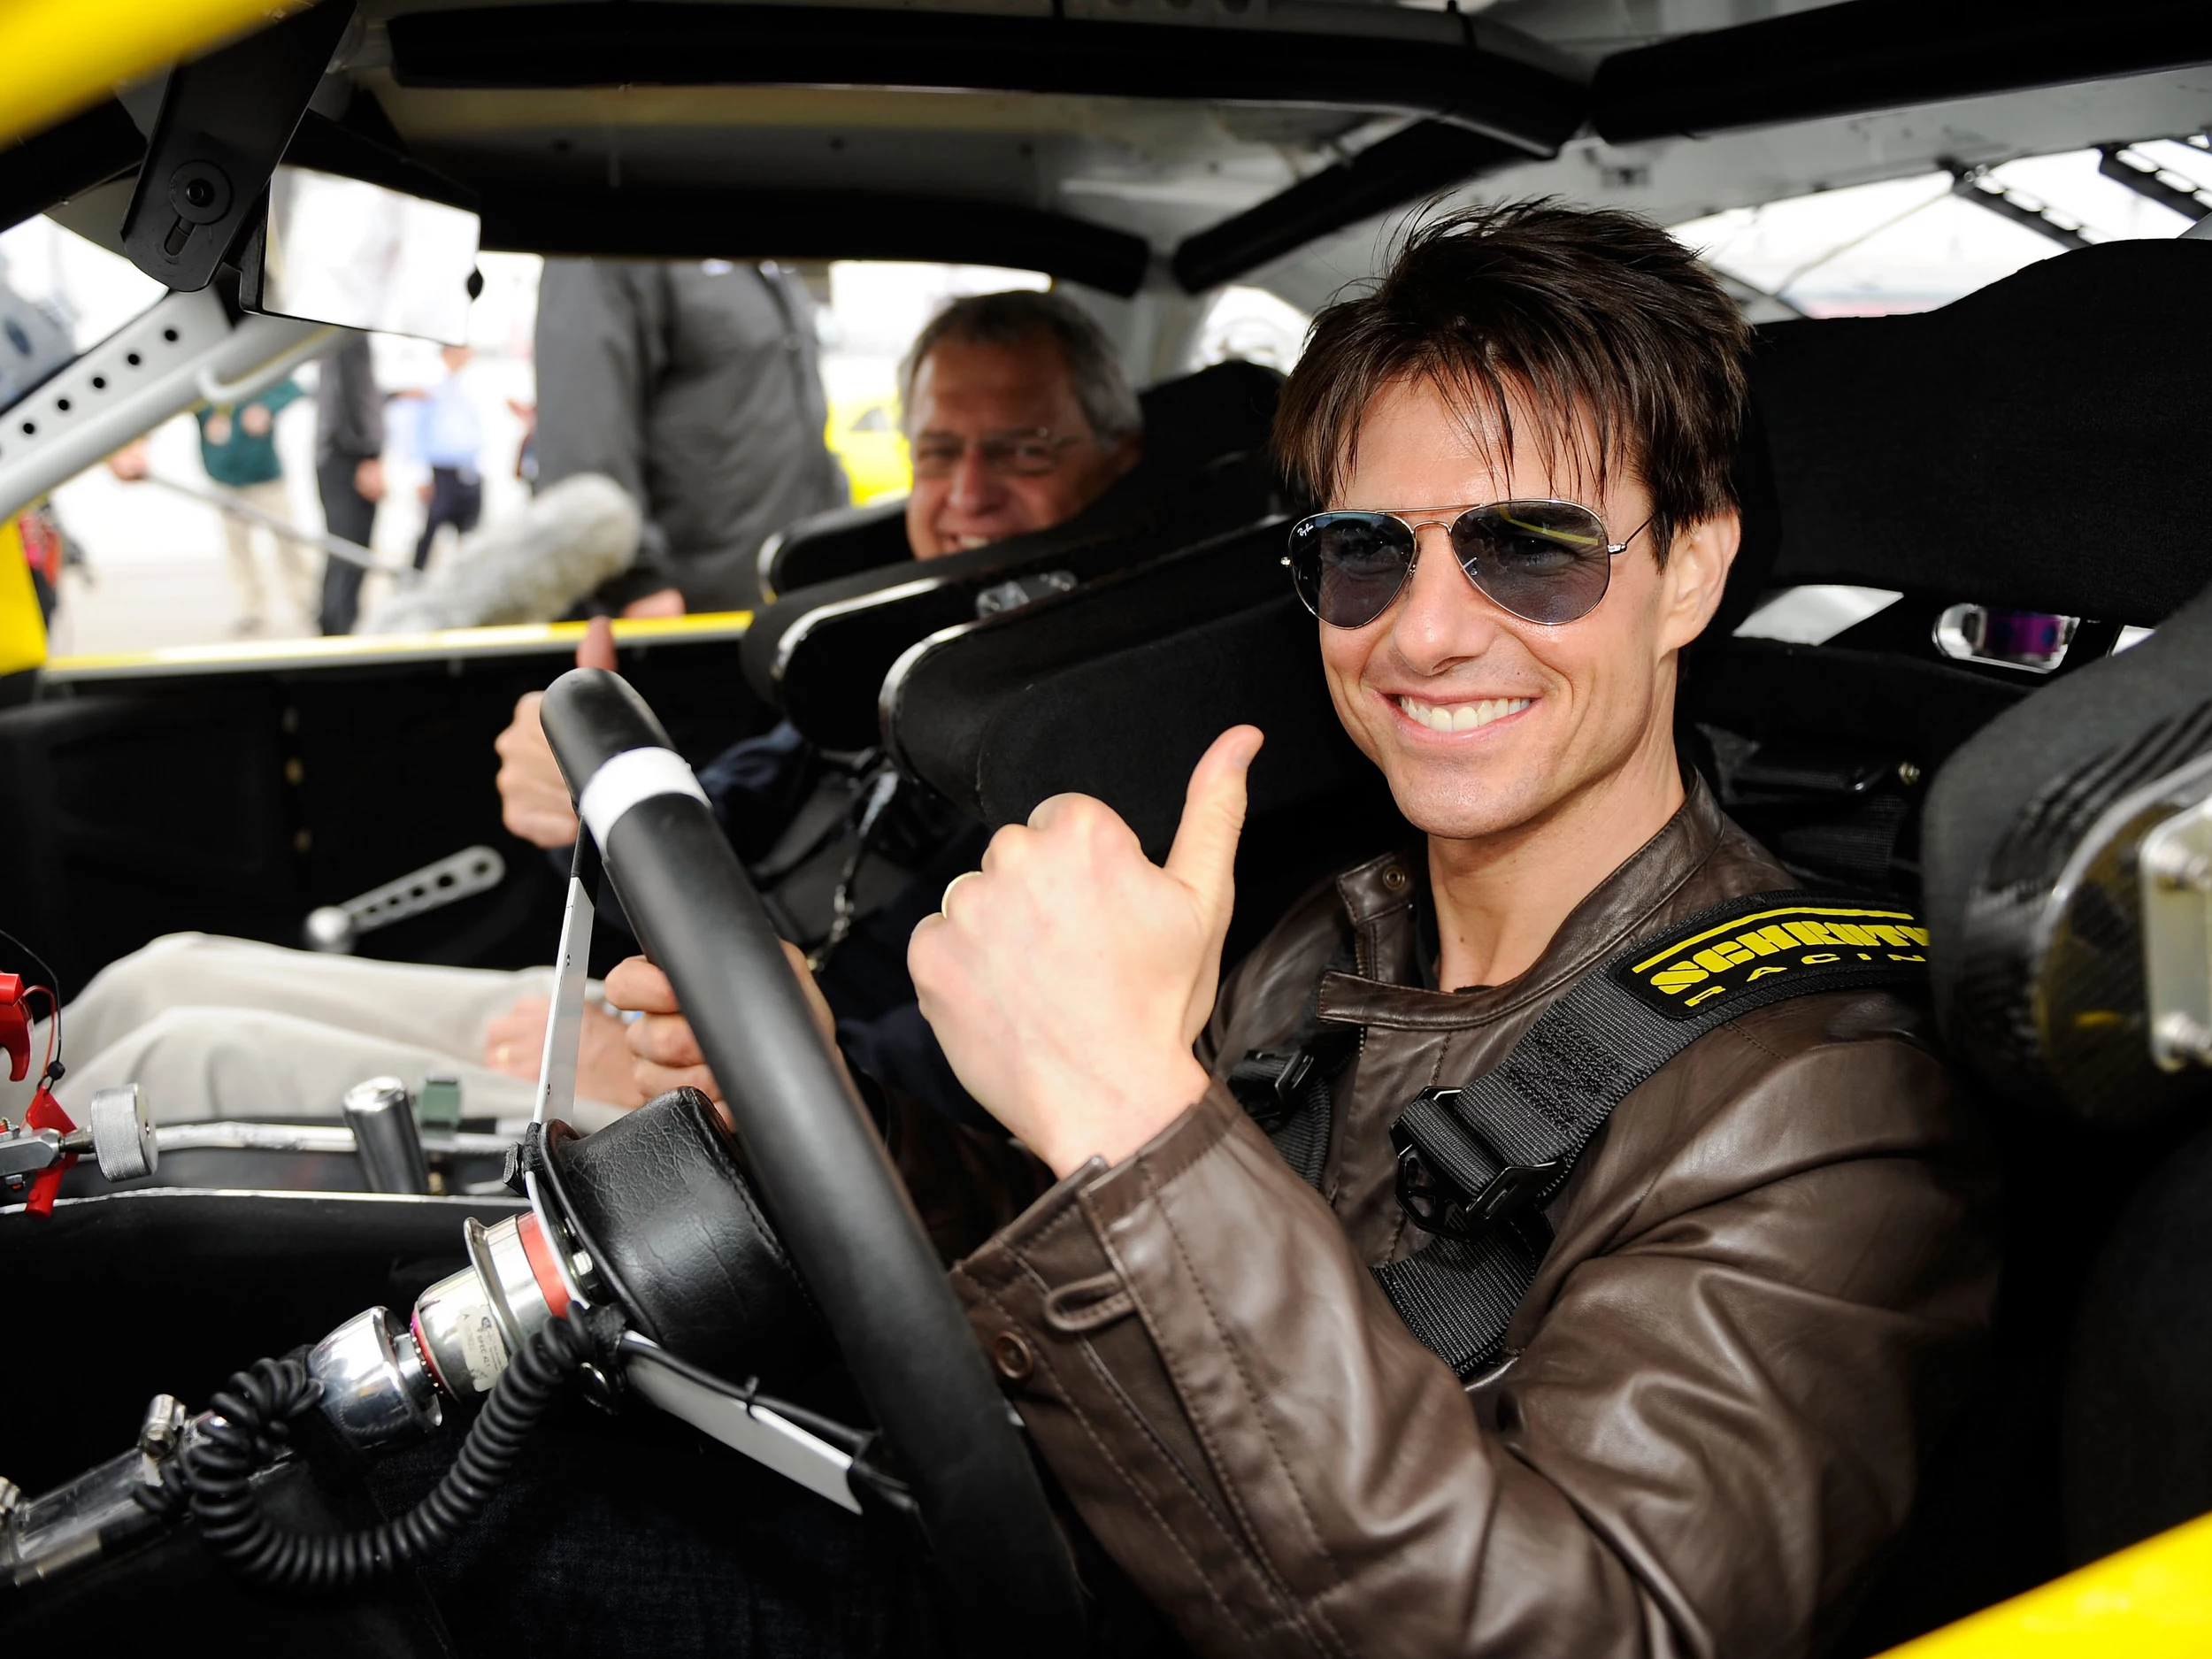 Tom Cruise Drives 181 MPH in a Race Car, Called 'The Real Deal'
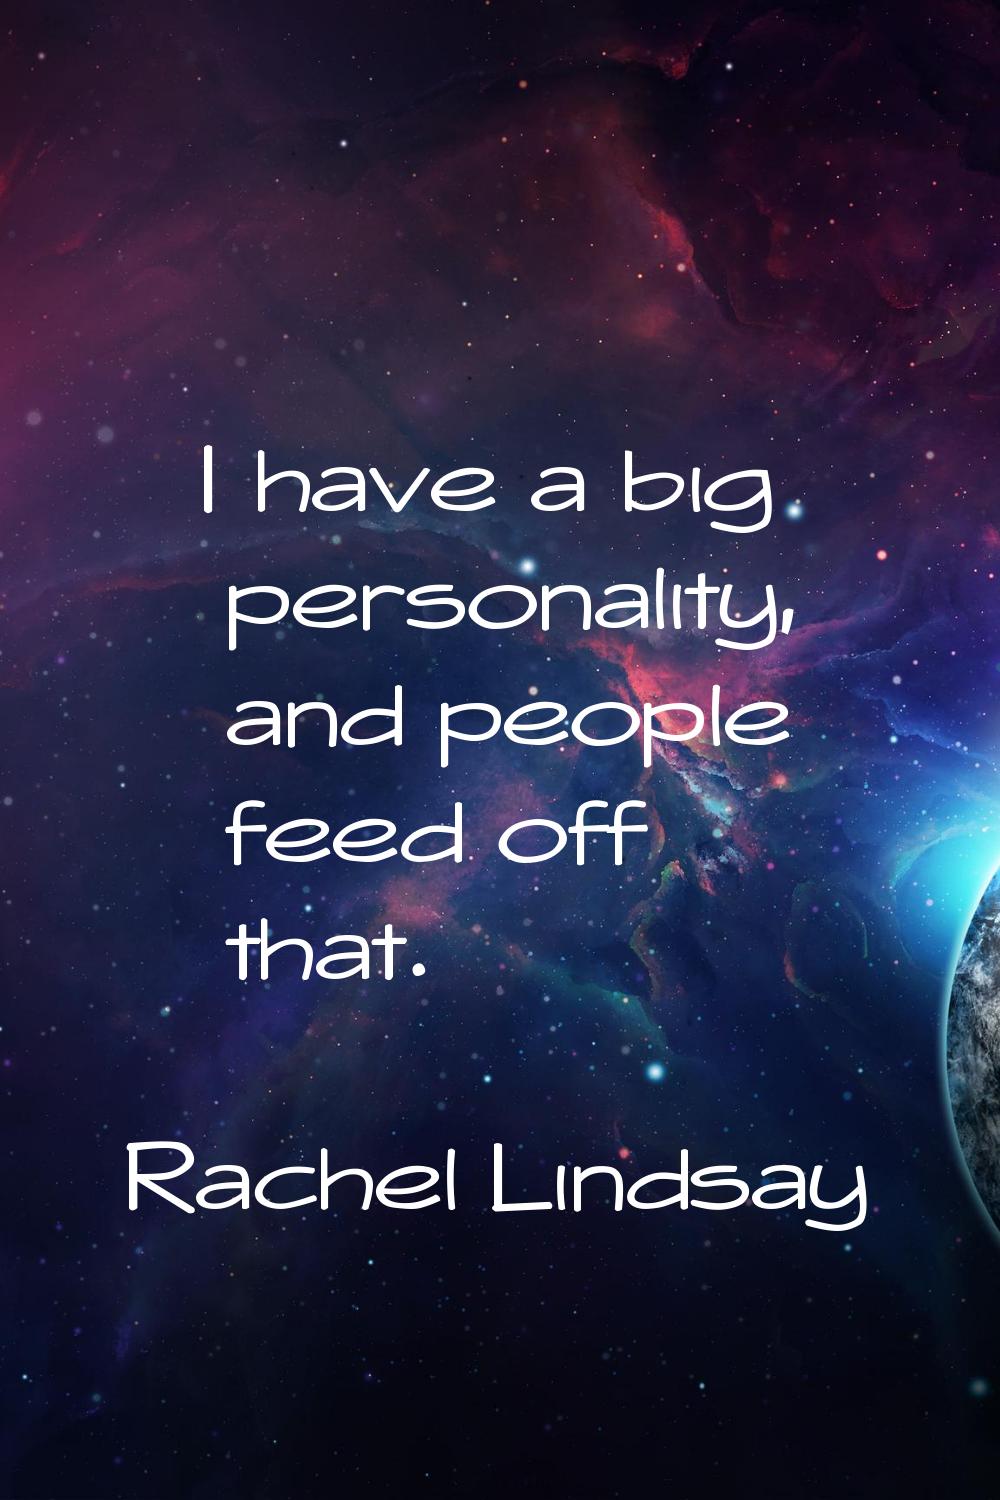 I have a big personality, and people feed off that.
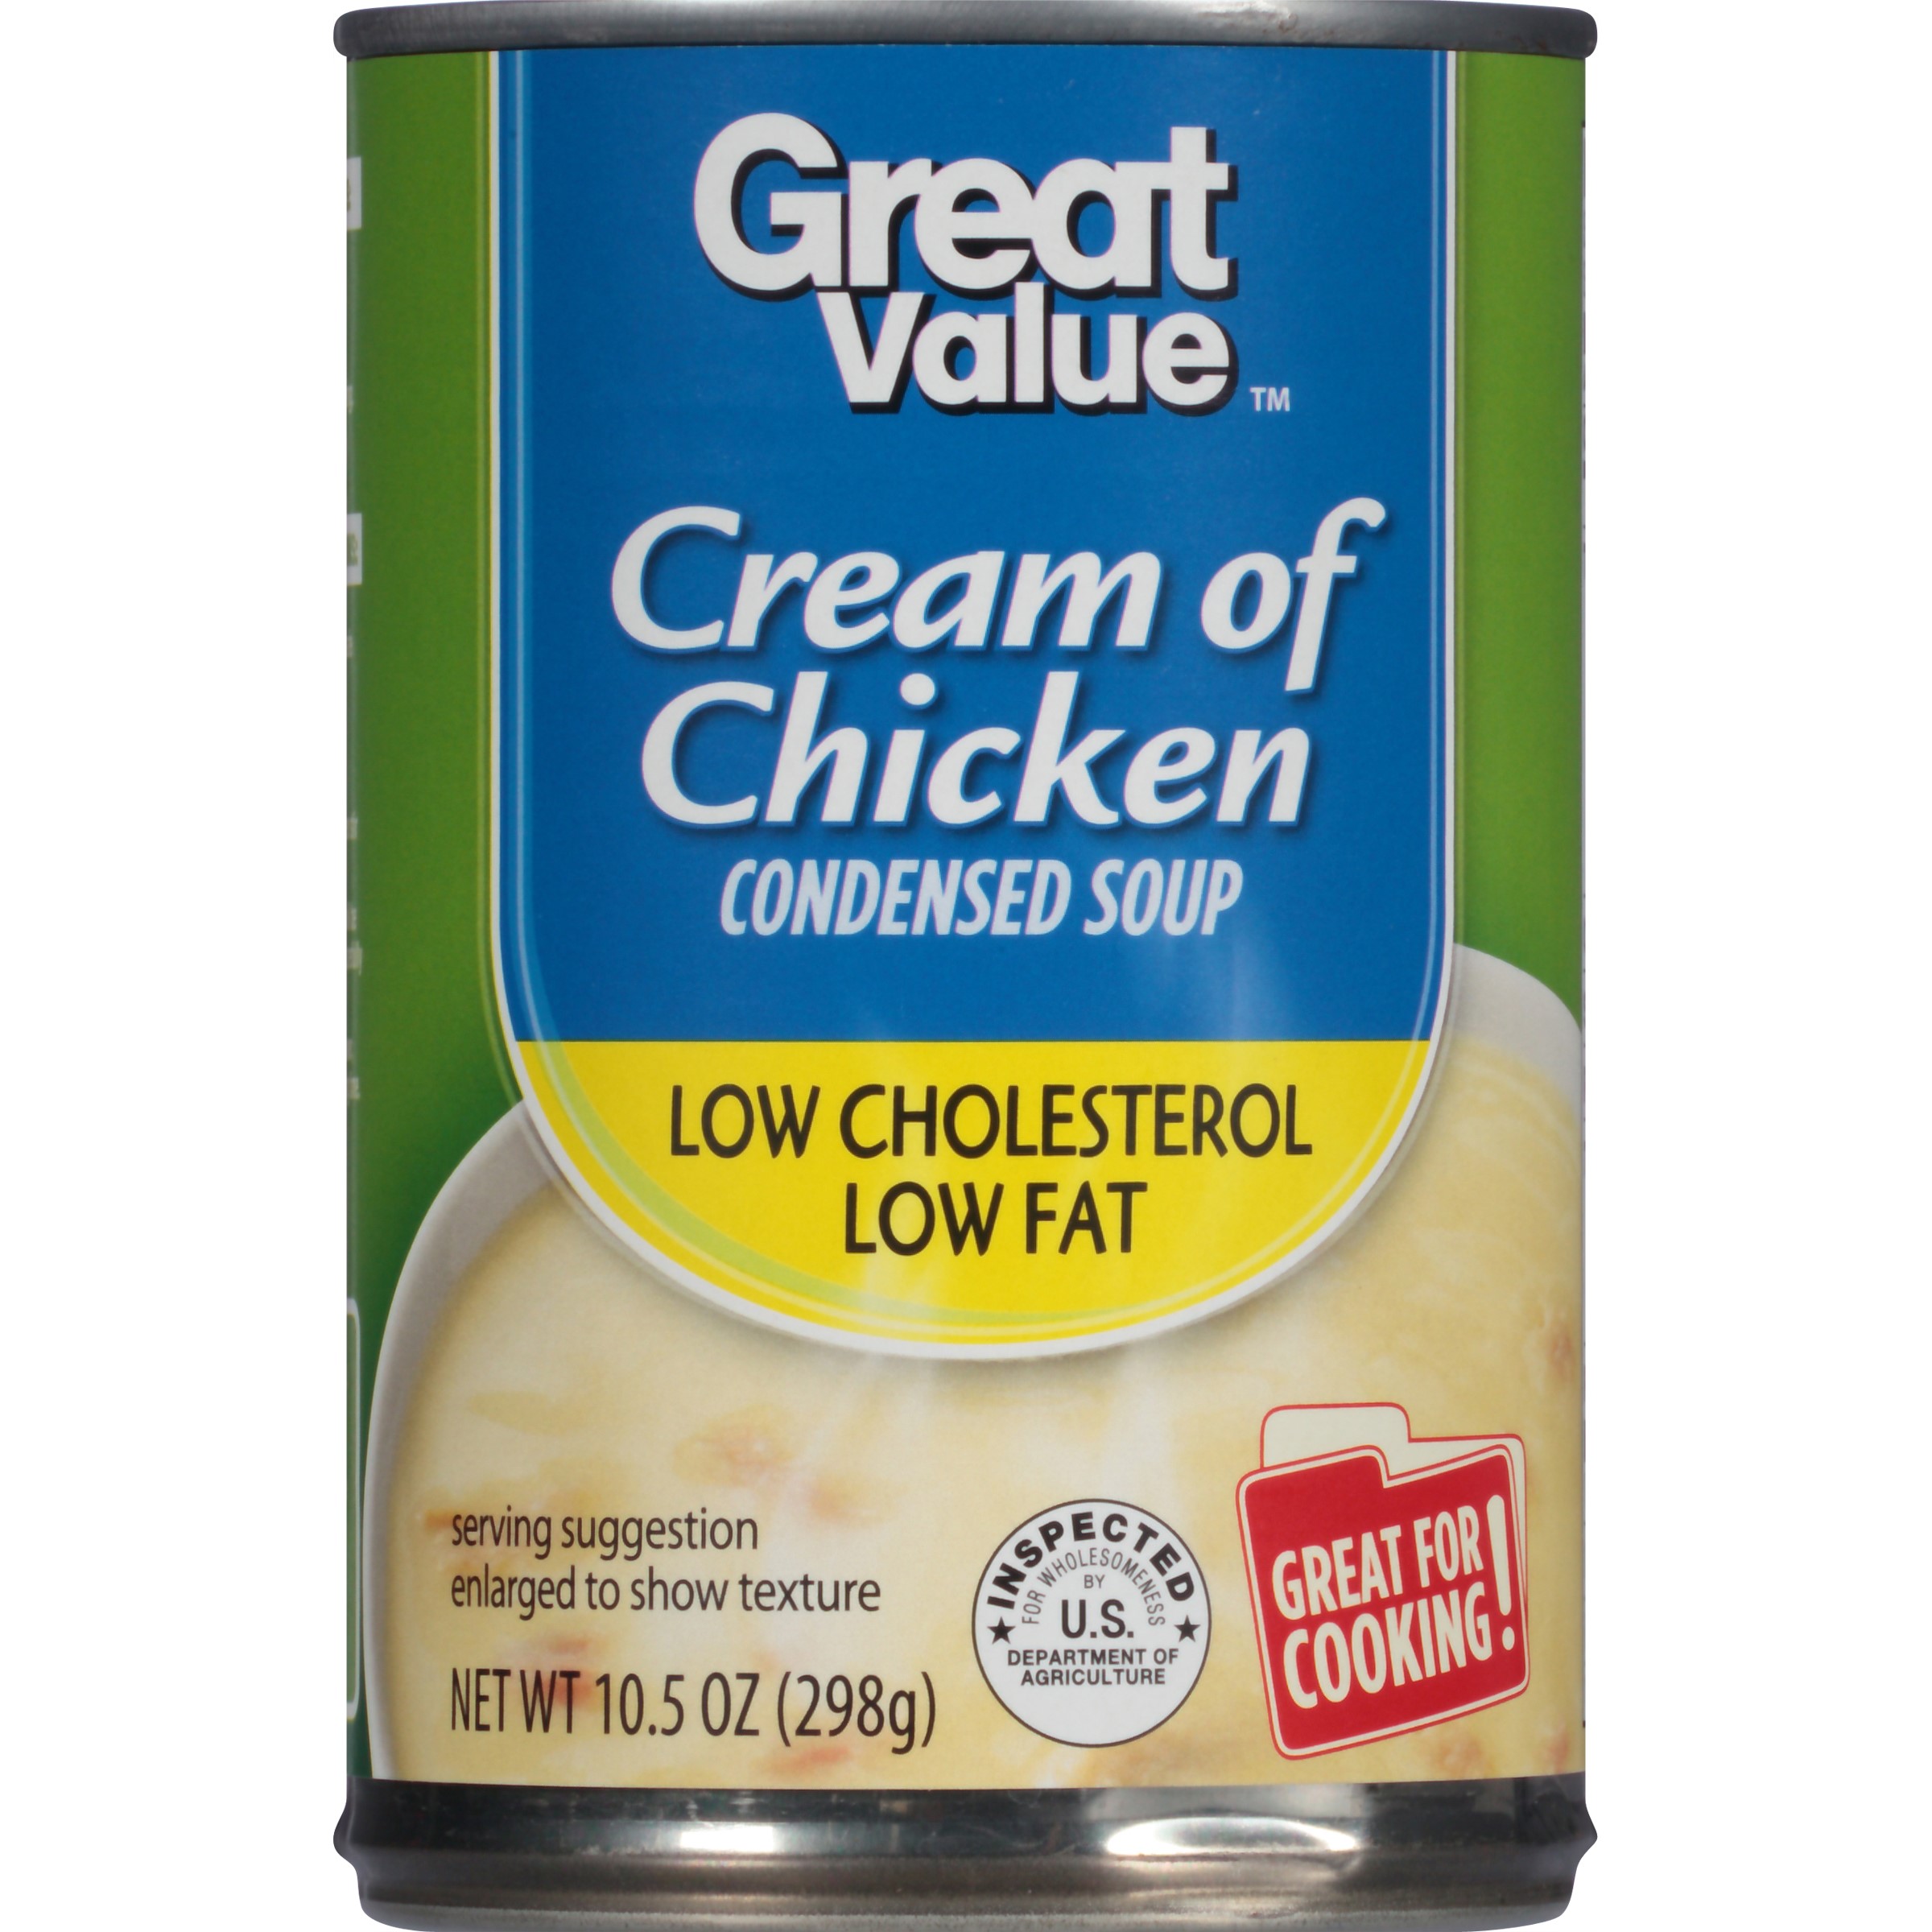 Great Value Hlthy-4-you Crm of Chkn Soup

TASK ITEM:
Word for word, restate all of the material above except its pictures.

COMPLETED TASK:
 Tom Cruise Drives 181 MPH in a Race Car, Called 'The Real Deal'
 I have a big personality, and people feed off that.
 Great Value Hlthy-4-you Crm of Chkn Soup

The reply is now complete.